Neisseria gonorrhoeae, the gonococcus, is the only causative agent of gonorrhea and is exclusively found within the human host. Gonococci stochastically vary the composition of antigens on their surface to evade immune surveillance. We used gonococcal mutants which stably express different surface antigens to dissect interactions between gonococci and primary human polymorphonuclear leukocytes (PMNs). We found that gonococci, depending on the number of bacteria present, either induce or suppress the oxidative burst of PMNs regardless of other stimuli. Gonococci also cause PMNs to release DNA, forming neutrophil extracellular traps (NETs) independently of the oxidative burst. The NETs were unable to kill gonococci but were able to kill commensal bacteria, suggesting that NET production can help gonococci outcompete other bacterial species. We propose that gonococci have evolved to manipulate PMN responses to promote their own survival during infection.

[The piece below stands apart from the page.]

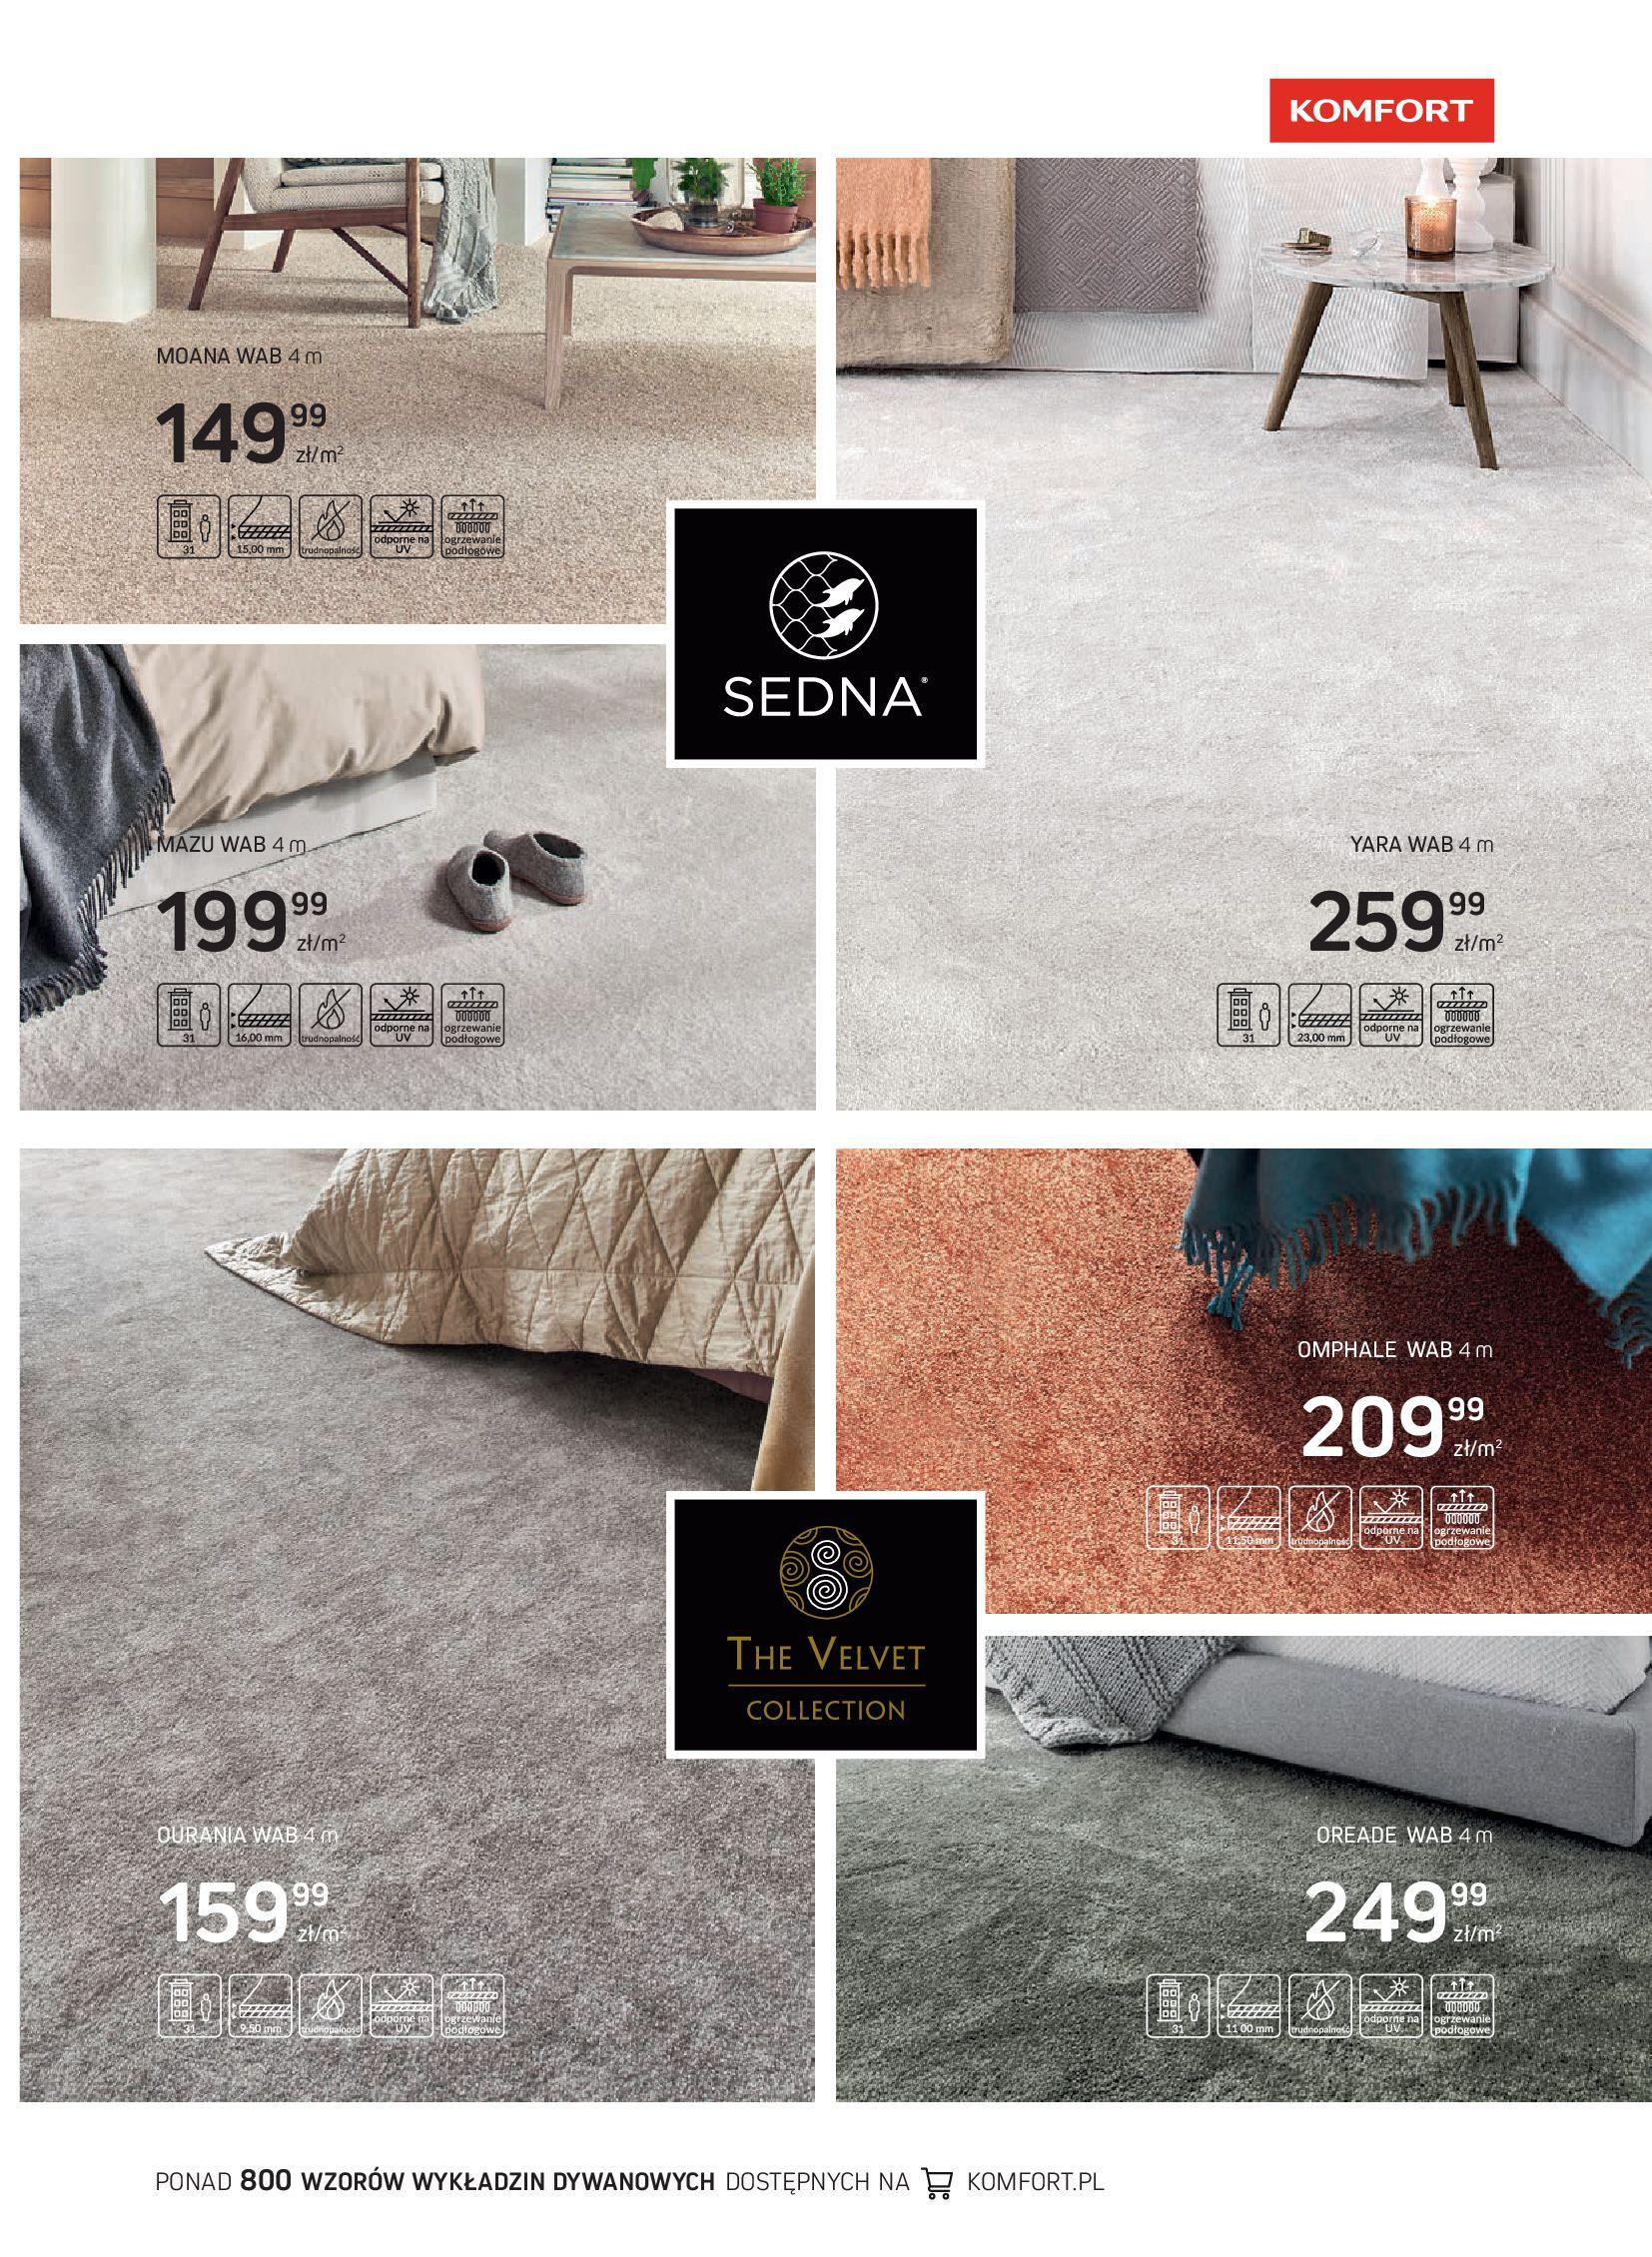 Gazetka Komfort: Gazetka Komfort - Katalog podłogi i drzwi 2021-06-16 page-43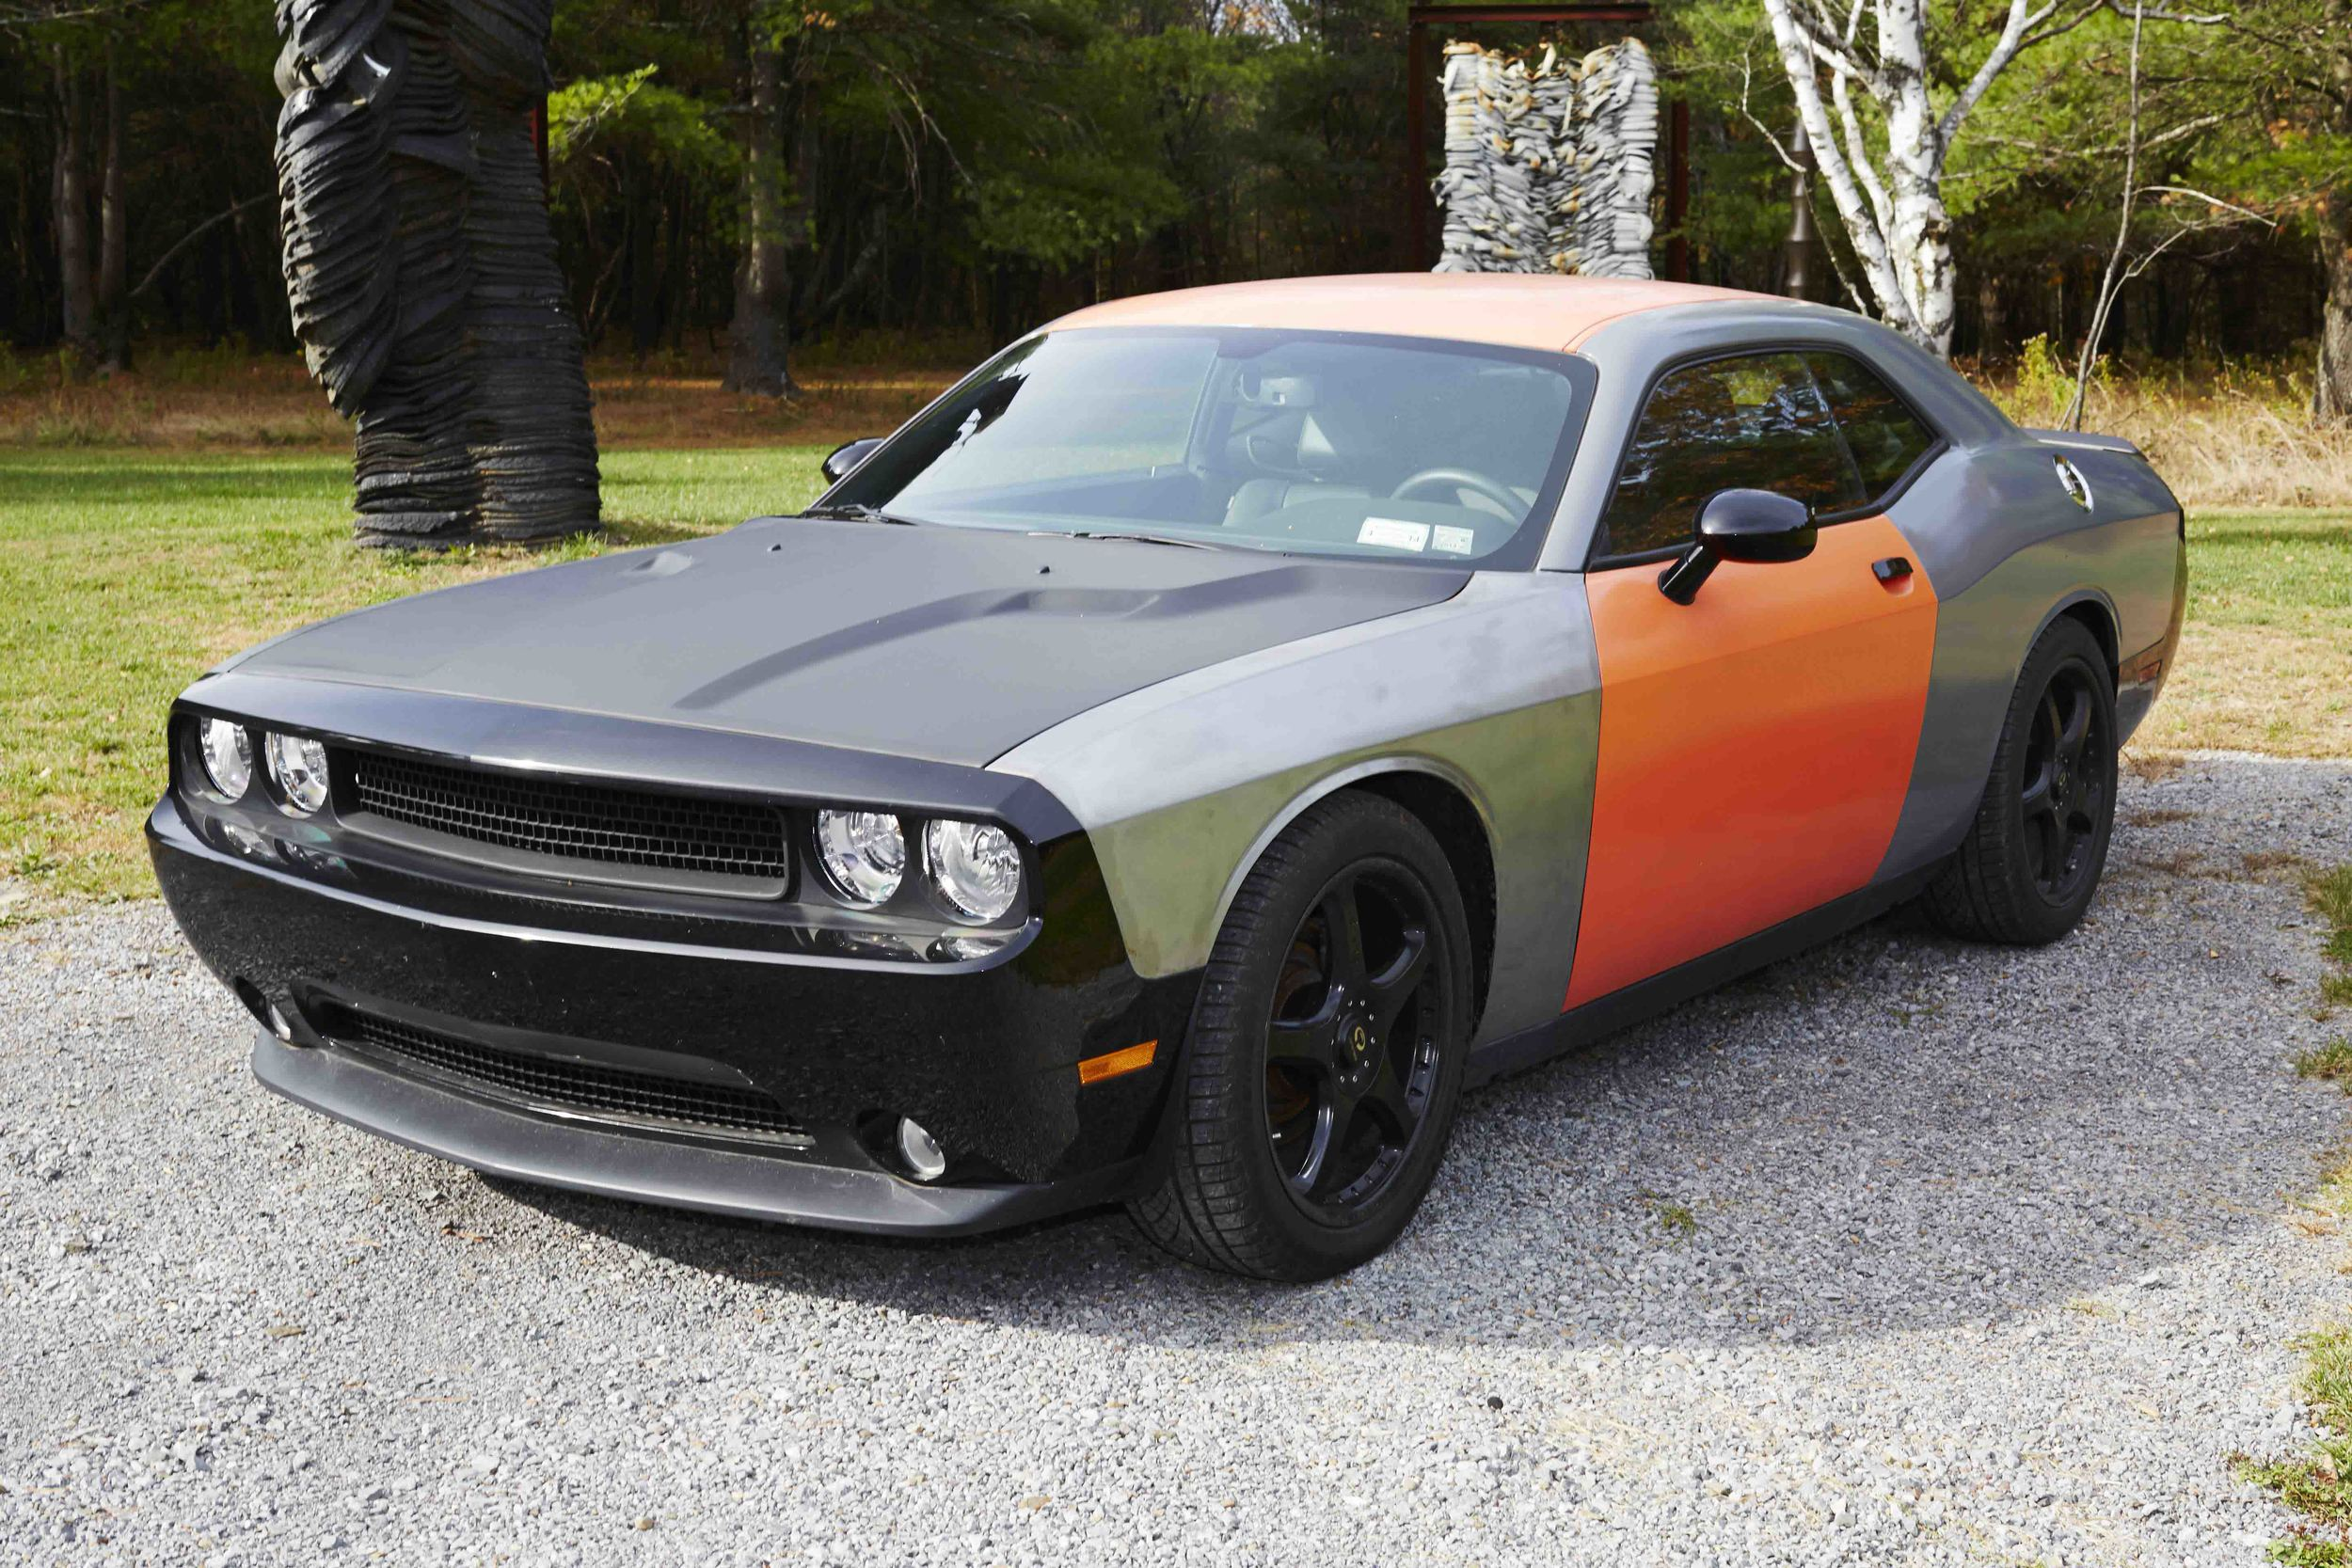 Richard Prince,Vanishing Point (The Artist Cut) (Car), 2012-13;2012 Dodge Challenger R/T

淋病奈瑟菌(淋球菌)可引起淋病,且特别适应在人类生殖道内存活。淋球菌部分地通过改变菌毛和不透明相关蛋白来逃避宿主免疫监视。这些可变表面抗原影响与宿主上皮细胞和免疫细胞的相互作用。强烈的多形核白细胞(PMN)反应是有症状淋病感染的一个标志,大量PMN被招募到感染部位。大量文献描述了淋球菌与PMN的相互作用,但驱动感染结果的因素尚未完全了解。已有报道称淋球菌既能诱导也能抑制PMN的氧化爆发,但我们确定淋球菌对PMN氧化爆发诱导的影响因感染复数(MOI)而异。以<20个淋球菌的MOI感染PMN会引发氧化爆发,而MOI>20则会抑制爆发。对淋球菌的氧化爆发反应可因菌毛或不透明蛋白的表达而增强,但并非必需。在感染淋球菌的PMN中观察到中性粒细胞胞外陷阱(NETs),这一过程需要氧化爆发,但淋球菌在抑制条件下也能诱导NETs形成。尽管NETs能杀死常见的阴道细菌卷曲乳杆菌,但却无法杀死淋球菌。因此,淋球菌通过抑制PMN的氧化爆发和刺激NETs形成来影响PMN生物学特性以促进自身存活,而NETs并不能有效杀死淋球菌,这说明了淋病奈瑟菌是如何进化来调节PMN反应以促进感染的。
淋病奈瑟菌,即淋球菌,是淋病的唯一病原体,仅存在于人类宿主体内。淋球菌随机改变其表面抗原的组成以逃避免疫监视。我们使用稳定表达不同表面抗原的淋球菌突变体来剖析淋球菌与原代人类多形核白细胞(PMN)之间的相互作用。我们发现,无论其他刺激因素如何,淋球菌根据存在的细菌数量,要么诱导要么抑制PMN的氧化爆发。淋球菌还会导致PMN释放DNA,独立于氧化爆发形成中性粒细胞胞外陷阱(NETs)。NETs无法杀死淋球菌,但能够杀死共生细菌,这表明NETs的产生有助于淋球菌在与其他细菌物种的竞争中胜出。我们提出,淋球菌已经进化出操纵PMN反应以在感染期间促进自身存活的能力。